Effective as of July 19, 2017, MidSouth Bank, N.A. (the “Bank”), the banking subsidiary of MidSouth Bancorp, Inc. (the “Company”), and the Office of the Comptroller of the Currency (the “OCC”), the Bank’s primary federal regulator, entered into a formal written agreement (the “Agreement”). The Agreement provides, among other things, that the Bank:

create a committee to monitor the Bank’s compliance with the Agreement and make quarterly reports to the Board of Directors and the OCC;

adopt and implement a three-year strategic plan for the Bank consistent with regulatory guidance and to be reviewed and updated on at least an annual basis by the Board of Directors;

protect its interests in its criticized assets (those assets classified as “doubtful,” “substandard,” or “special mention” by internal or external loan review or examination), and adopt and implement a written program designed to eliminate the basis of criticism of criticized assets equal to or exceeding $250,000, which shall be reviewed and, as necessary, revised, on a quarterly basis;

may not extend additional credit to any borrower with an aggregate outstanding loan balance of $250,000 that is a criticized asset unless approved and deemed by the Bank's Board of Directors to be necessary to promote the best interests of the Bank and will not compromise the Bank's written program with respect to such loans;

develop and implement a written program to improve the Bank's loan portfolio management and provide the Board of Directors with written reports on the Bank's loan portfolio to enhance problem loan identification;

review and, as necessary, revise the Bank's loan review program to ensure the timely identification and categorization of problem credits consistent with regulatory guidance;

adopt and implement certain enhancements to its policies and procedures relating to its allowance for loan losses (“ALLL”) and the methodology related thereto; and

revise its internal audit program to ensure Bank adherence to an independent and comprehensive internal audit program.

The Agreement does not require the Bank to maintain any specific minimum regulatory capital ratios and, accordingly, does not change the Bank’s “well-capitalized” status as of the date hereof.
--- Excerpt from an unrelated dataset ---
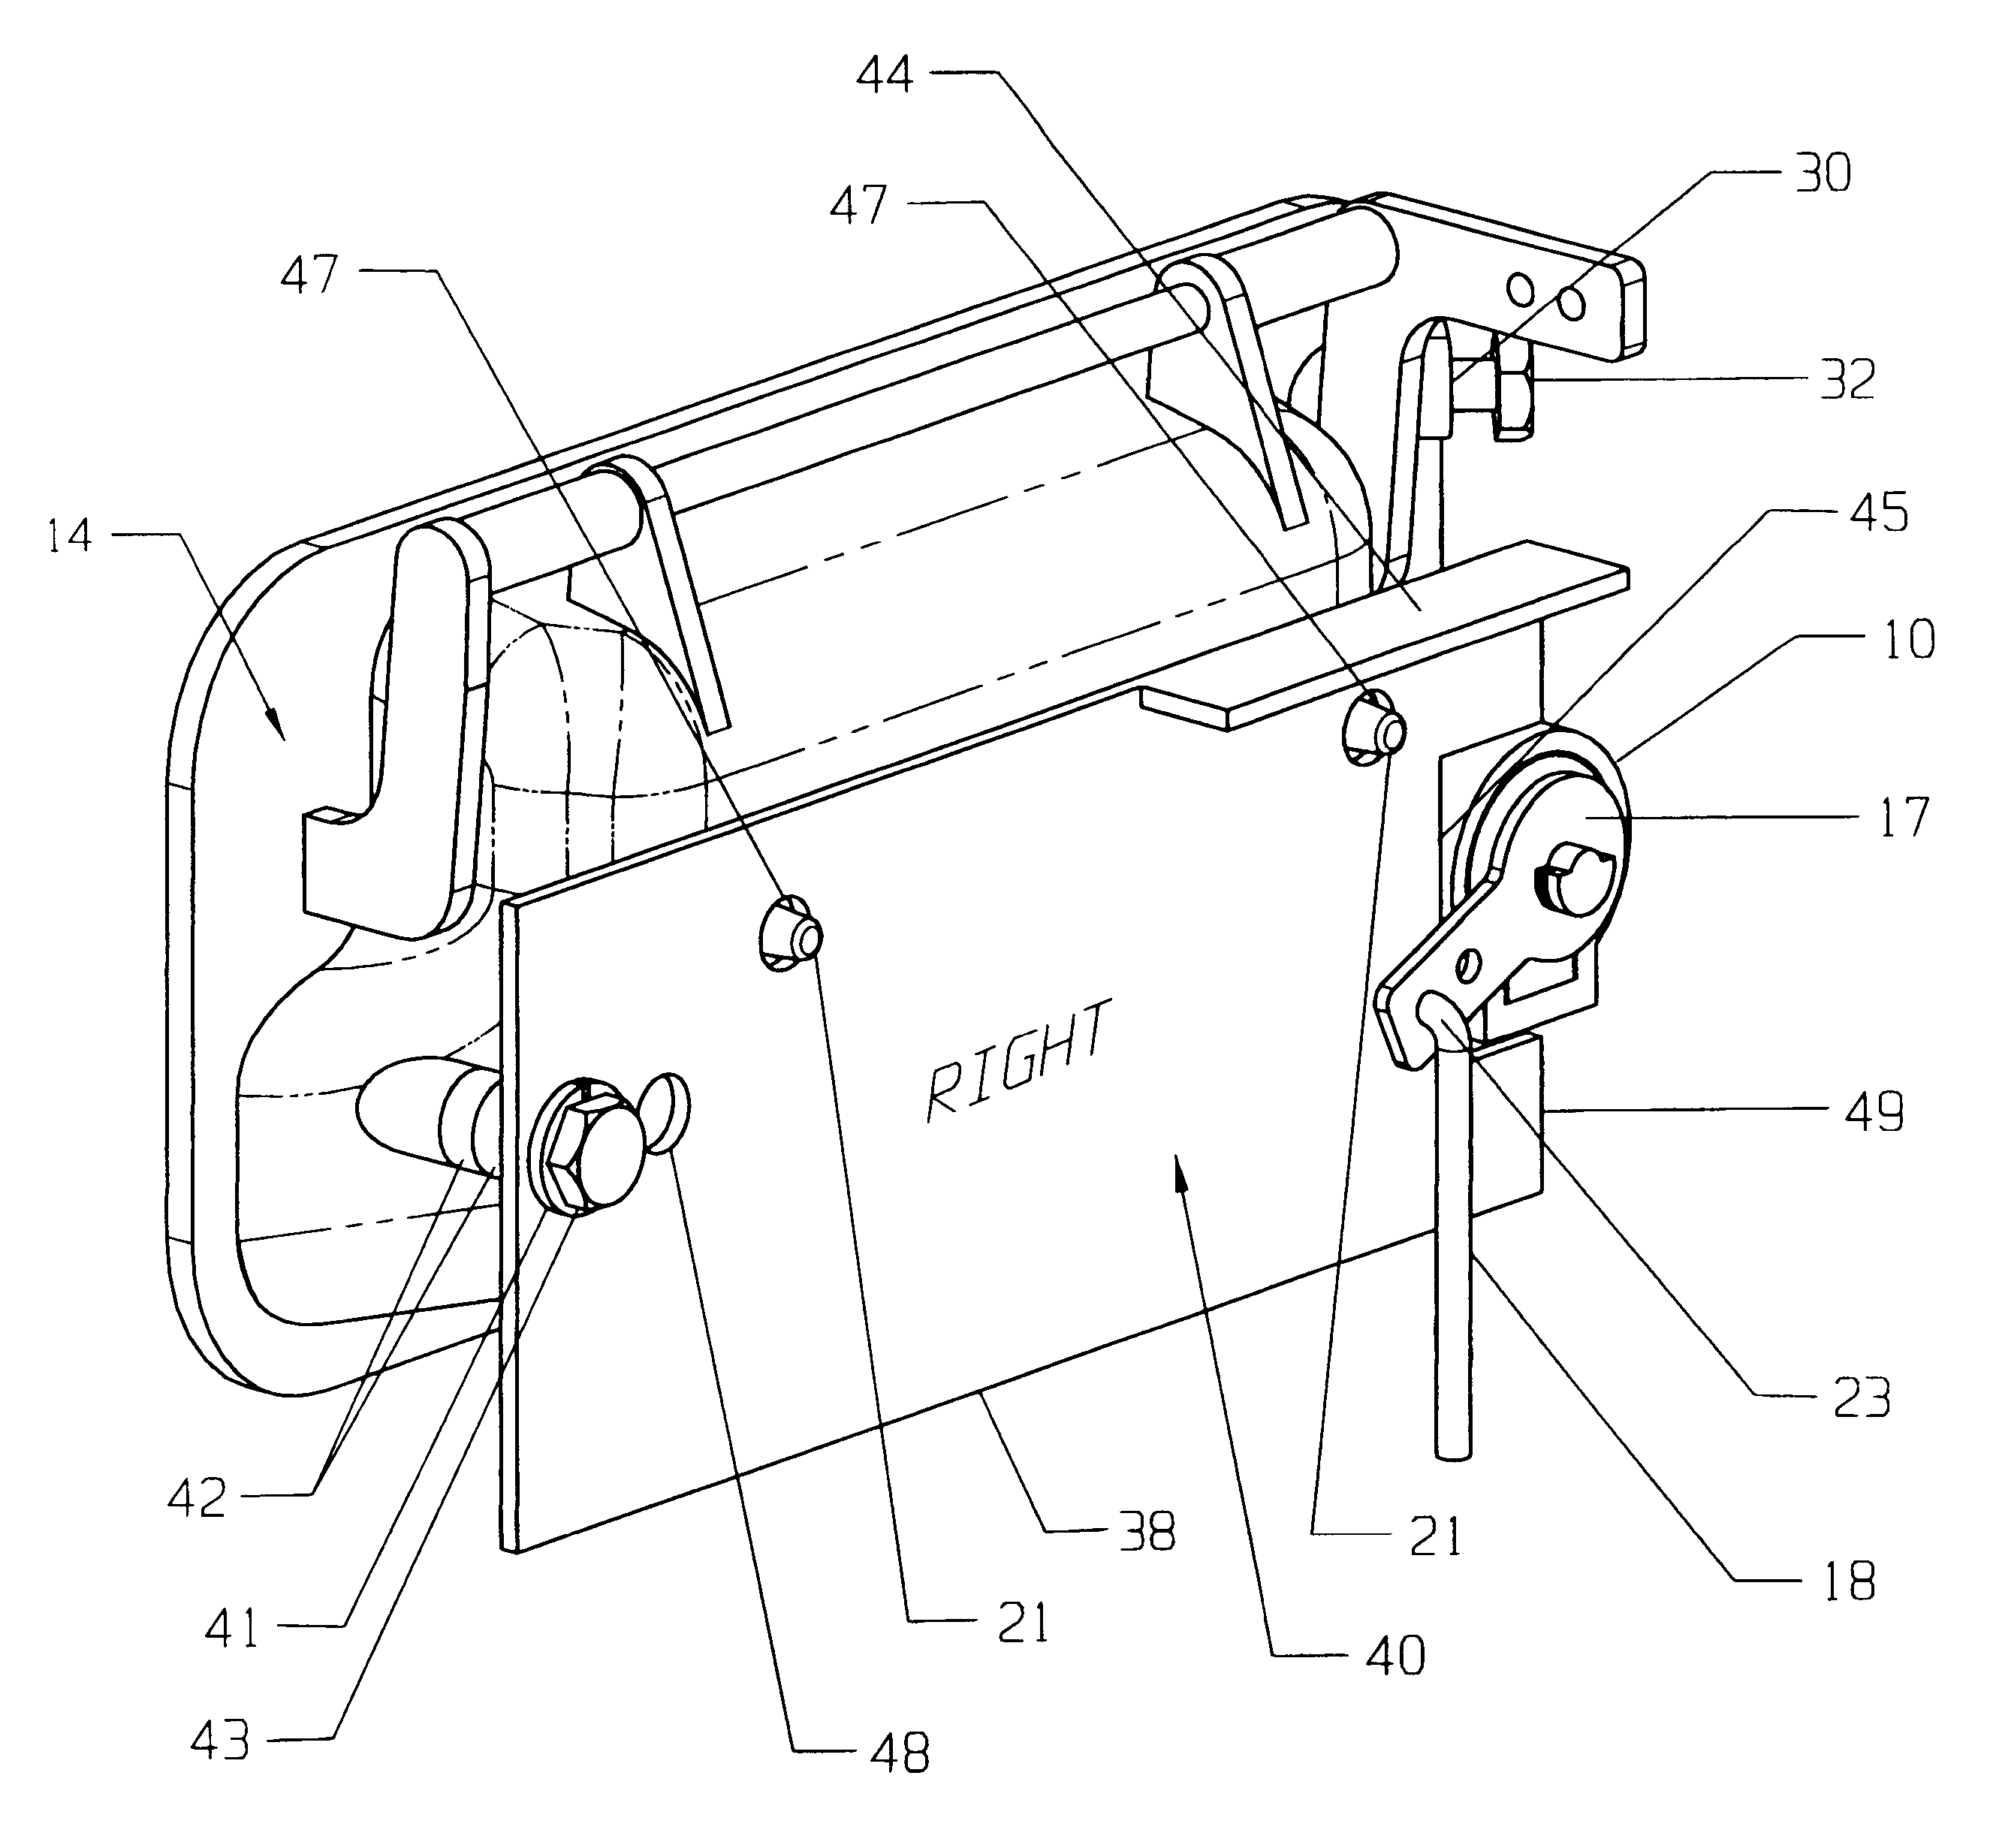 Vehicle security device

However, in connection with its most recent examination, the OCC established higher individual minimum capital ratios for the Bank. Specifically, the Bank must maintain a Tier 1 capital to adjusted total assets ratio of at least 8%, and a total risk-based capital to risk-weighted assets ratio of at least 12%.

A consequence of the regulatory issues mentioned above is that the Company no longer meets the requirements to maintain its status as a financial holding company under the Federal Reserve’s guidelines. As such, the Company expects to decertify as a financial holding company and become a bank holding company under the Federal Bank Holding Company Act. The Company has previously engaged in immaterial insurance-related activities through its subsidiary, Peoples General Agency, Inc., that the Company will discontinue.